At the medical education level, the Pan American Health Organization (PAHO) recognizes that PHC can strengthen society’s ability to reduce health inequities. A working group under the leadership of the Project for Human Resources for the Development of Health and consisting of representatives from Argentina, Brazil, Canada, Cuba, Nicaragua, the United States and Uruguay is developing an on-line PHC course in Spanish, English and Portuguese. Initially, the curriculum will focus on medical educators with the idea of ‘training the trainers’ – preparing medical educators from Central and South American as well as Caribbean medical schools who will, in turn, be able to teach the PHC perspective to their students. The curriculum will be available on PAHO’s Virtual Campus in Public Health with Moodle platform, easily accessible to the PHC enrollees. It will consist of a four-month course presented in three modules: 1) overview of PHC; 2) PHC competencies and putting PHC into practice; and 3) integration of PHC at the health systems level. Eventually, the PHC modules will be adapted for presentation to and training of other health professionals.

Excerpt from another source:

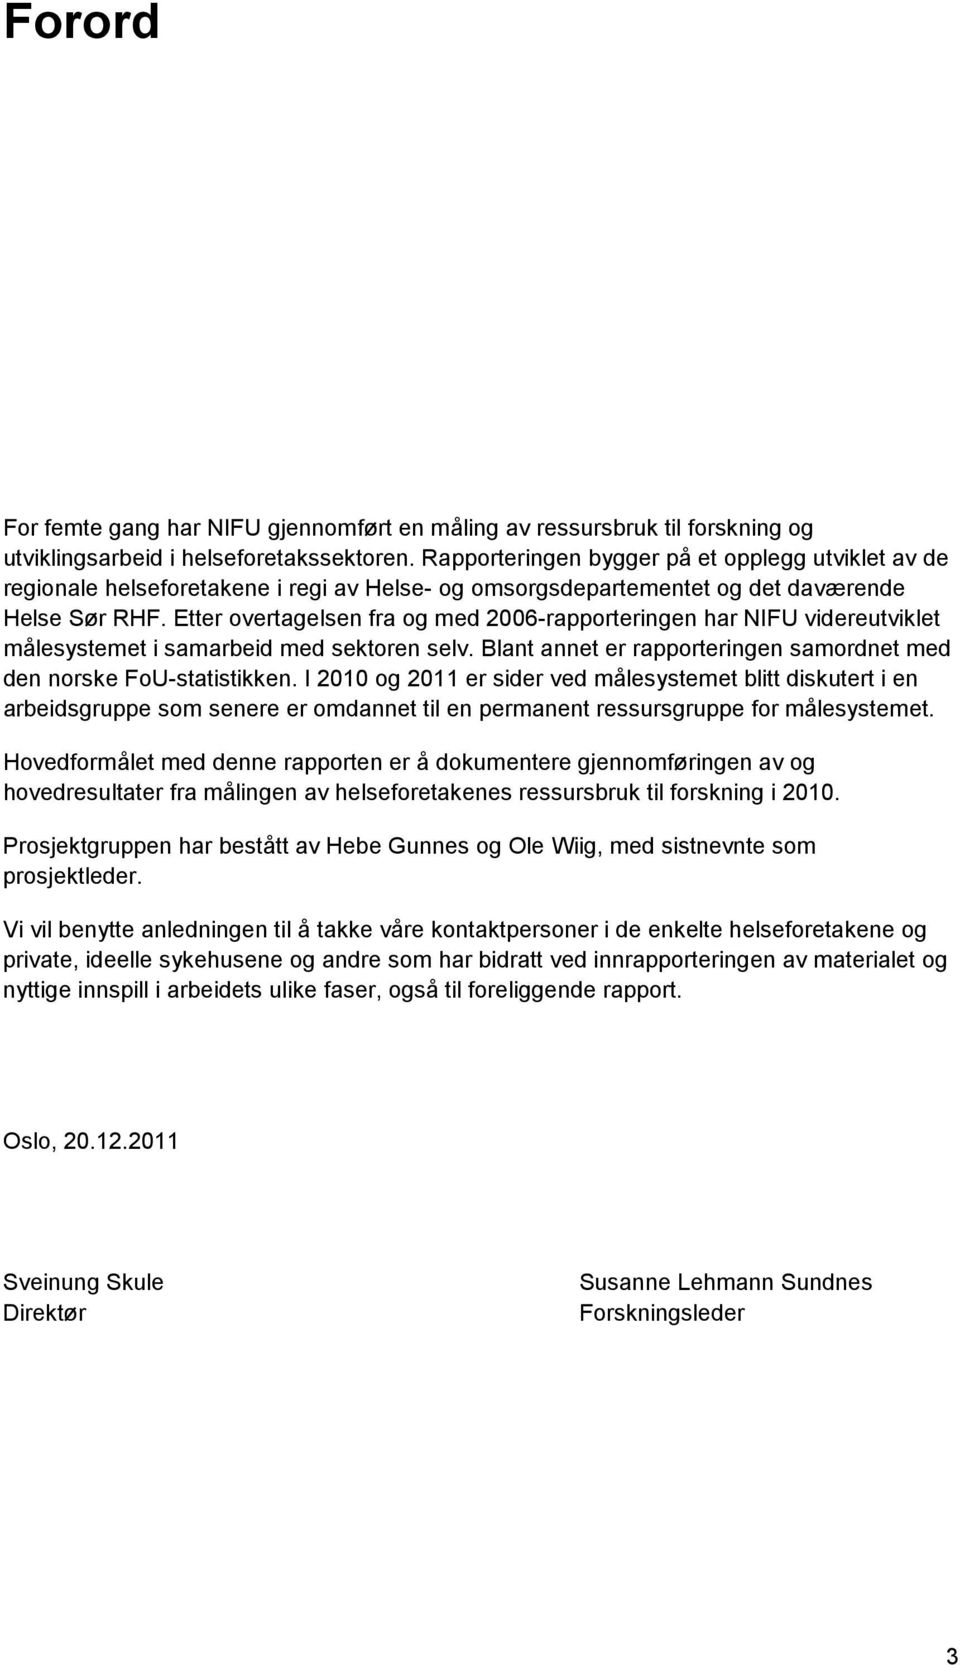 Etter overtagelsen fra og med 2006-rapporteringen har NIFU videreutviklet målesystemet i samarbeid med sektoren selv. Blant annet er rapporteringen samordnet med den norske FoU-statistikken.

We strongly agree with the many that see PHC as a perspective whose time has come – again, 30 years later. Their renewed efforts are important and need to be supported. Initiatives and programs like those of the BBT and PAHO should be replicated in other regions of the world.
Michael Glasser, Ph.D.
Donald Pathman, M.D., M.P.H.
Co-editors, Education for Health
Balcazar, H., Rosenthal, L., De Heer, H., Aguirre, M., Flores, L., Vasquez, E., et al. (2009). Use of Community-based participatory research to dissemínate baseline results from a cardiovascular disease randomized community trial for Mexican Americans living in a U.S.-Mexico border community. Education for Health, 22(3):279.
Commission on Social Determinants of Health. (2008). Changing the Gap in a Generation: Health Equity through Action on the Social Determinants of Health. World Health Organization.
Gofin, J., & Gofin, R. (2005). Community-oriented primary care and primary health care. American Journal of Public Health, 95(5):757.
Institute of Development Studies Health and Development Information Team. (2008). Primary Health Care. Sussex, United Kingdom. May 27, 2008.
Peters, K.E., Cristancho, S.M., & Garces M. (2009). Closing the Gap in a Generation - Health Equity through Action on the Social Determinants of Health. Education for Health, 22(2):381.
Primary Health Care Transition Fund. (2004). Building a Better Tomorrow – Engaging Current Providers in a Renewed Primary Health Care System for Atlantic Canada. Ministry of Public Infrastructure Renewal. ISBN 0-7794-6499-0.
World Health Organization (2008a). Primary Health Care, Now More Than Ever. ISBN-13: 9789241563734.
World Health Organization (2008b). Primary Health Care, Including Health Systems Strengthening: Report by the Secretariat. EB124/8. December 4, 2008.